India levies safeguard duty on Chinese and Malaysian solar tech | Malaysia

India’s Ministry of Commerce, through the Directorate General of Trade Remedies (DGTR), has imposed a safeguard (SGD) on cells and modules imported from China and Malaysia for the next two years. DGTR, a recently created umbrella authority for trade matters under the Ministry of Commerce, has recommended a 25% SGD for the first year, followed by 20% on such imports for the first six months of the second year and 15% for the remaining half of the second year.


The proposal occurred after the findings of the safeguard investigation concerning the import of solar cells and modules into India, which was undertaken by the ministry. The investigation was conducted following a complaint filed by the Indian Solar Manufacturers Association (ISMA) on behalf of five Indian domestic manufacturers. In the complaint, the manufacturers alleged that despite the rapid expansion of the solar photovoltaic (PV) market in India their margins have remained stagnant because the developers are importing equipment from cheaper manufacturing locations like China and Malaysia.


Imports of solar products from other countries like Singapore and Taiwan will not attract SGD since they do not exceed 3% individually and 9% collectively of overall solar imports. The duty will not be imposed on the three solar cell and module manufacturers operating in the special economic zone (SEZ) area, namely, Adani Green Energy, Vikram Solar, and Websol Energy.

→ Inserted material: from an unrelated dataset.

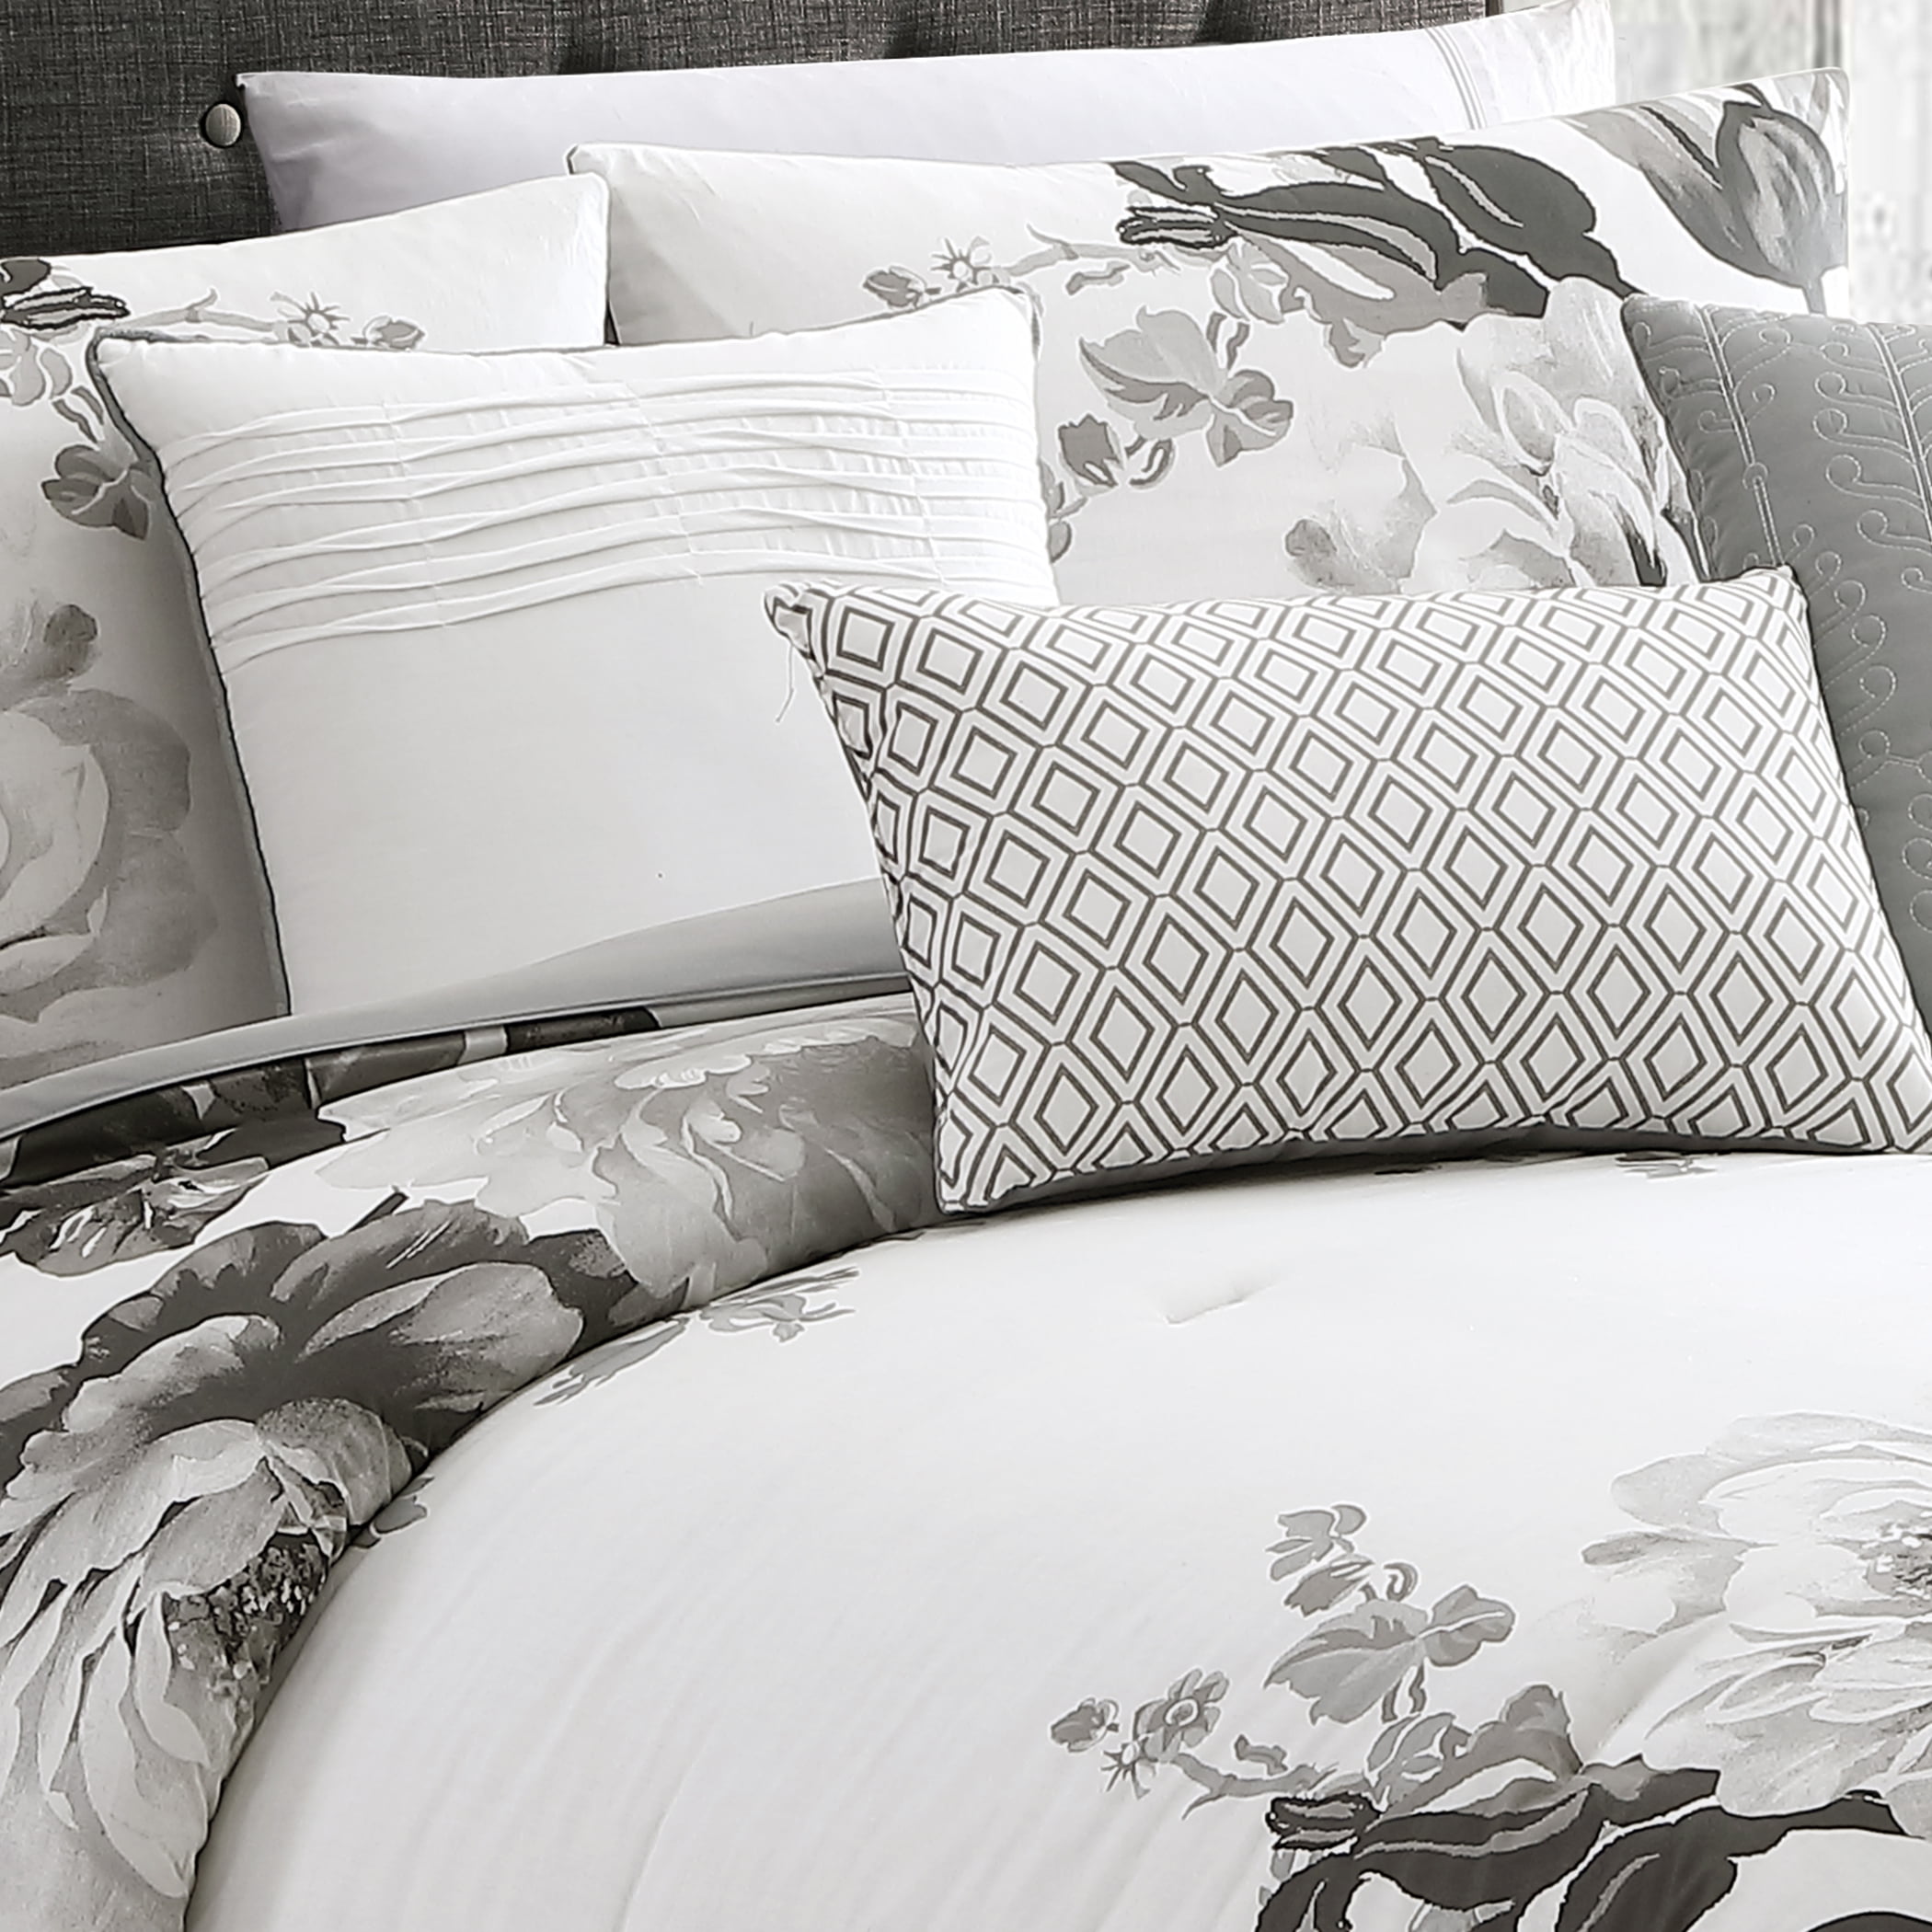 Set of 7 Black/Gray Details about   Riverbrook Home Ridgely Comforter Set King

Safeguard duty is a temporary relief provided when imports of a product increase unexpectedly and threaten the existence of domestic players of similar products. In 2017, an application was filed by ISMA on behalf of five Indian manufacturers seeking implementation of a SGD to protect the domestic industry. Mundra Solar PV, Indosolar, Jupiter Solar Power, Websol Energy Systems, and Helios Photo Voltaic claimed that, due to surging imports of solar cells and modules, many domestic producers kept their production facilities idle, resulting in heavy losses which are crippling the domestic industry.

In 2015, India committed to the Paris Agreement whereby reduction of CO2 emissions by 33–35% from 2005 levels was targeted. In line with the commitment, the country established a target of achieving 100 gigawatts (GW) of solar power generation by the year 2022. This commitment pushed up the demand for solar power projects in India. This led to a huge increase in the demand for solar cells and modules within a short period of time and therefore fueled the surge in imports of this equipment.

As a result of the massive surge in imports at rock-bottom prices, the domestic industry is unable to sell its products despite the demand in the market. The demand has increased from 1,476 megawatts (MW) in FY2015 to 10,573MW in FY2018. During the same period the production of the domestic industry increased from 170MW to 842MW. Imports increased at a compound annual growth rate (CAGR) of 97.6% from 1,275MW at the end of FY2015 to 9,833MW at the end of FY2018.

Figure 1: Comparison – Domestic production & imports, solar components


The provision to Section 8B (1) of the Customs Tariff Act, 1975 states that the SGD shall not be imposed on any product originating from a developing country as long as the share of its imports does not exceed 3% of the total imports of that product. As a percentage of total imports of solar products into India, the imports from China and Malaysia individually account more than 3%. As a result, these products would be subjected to a levy of SGD.

With the intention of reducing greenhouse gas emissions, many countries have started focusing on renewable energy installations. In line with the growing demand for renewable energy components, China has massively increased its production capacity. The country more than doubled its production capacity of solar cells from 11.12GW in 2012 to 27.78GW in 2016. Similarly the production capacity of solar modules increased from 12.46GW to 35.47GW during the same period. The country has significantly increased exports of these items to other countries. Previously the destinations for these were the EU and the US. But after the imposition of trade remedy measures by the EU and the US, there has been a dynamic shift with India witnessing significant imports of Chinese products.


The anti-dumping and countervailing duties in the US with respect to Crystalline Silicon Photovoltaic (CSPV 1) came into effect in December 2012 and those for CSPV 2 in February 2015. In addition, in the EU, the remedy measures came into effect in December 2013. The immediate impact of these measures was not visible in the Indian solar PV market because, as per the Jawaharlal Nehru National Solar Mission (JNNSM), which is a key government scheme for promoting solar power, a separate category of domestic content requirements (DCR) was floated. This provided the assurance of a steady demand for the domestic manufacturers. However, in 2013, the US challenged the DCR category under JNNSM before the WTO Dispute Settlement Body and it was found that DCR was inconsistent under the rules set up by GATT. Hence, India had to withdraw the DCR category. Following the withdrawal, the industry witnessed a sudden spurt in imports of solar components, mainly driven by China.

With the major solar PV installations driven by imports from China, the SGD will impact the solar tariffs in India. The upcoming bids for solar PV plants are expected to witness higher bid tariffs, which ultimately will impact the target of 100GW of solar PV installations by 2022.